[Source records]
* * * * * * * * *
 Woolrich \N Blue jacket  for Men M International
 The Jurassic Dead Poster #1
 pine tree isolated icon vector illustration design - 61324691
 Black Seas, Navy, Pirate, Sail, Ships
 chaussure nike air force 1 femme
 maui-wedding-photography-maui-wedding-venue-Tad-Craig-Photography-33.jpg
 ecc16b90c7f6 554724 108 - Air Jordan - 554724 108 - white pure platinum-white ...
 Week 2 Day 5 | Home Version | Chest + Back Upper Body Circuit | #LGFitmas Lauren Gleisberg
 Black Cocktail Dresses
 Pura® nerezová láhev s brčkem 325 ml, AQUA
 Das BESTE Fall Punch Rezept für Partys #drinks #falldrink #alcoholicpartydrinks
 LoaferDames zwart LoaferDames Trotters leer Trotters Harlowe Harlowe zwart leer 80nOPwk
* * * * * * * * *
AIM OF THE TASK: The answer should be an exact copy of the lines from the one containing "Das BESTE Fall" through the last line of the entries, both included.

EXERCISE RESPONSE:
 Das BESTE Fall Punch Rezept für Partys #drinks #falldrink #alcoholicpartydrinks
 LoaferDames zwart LoaferDames Trotters leer Trotters Harlowe Harlowe zwart leer 80nOPwk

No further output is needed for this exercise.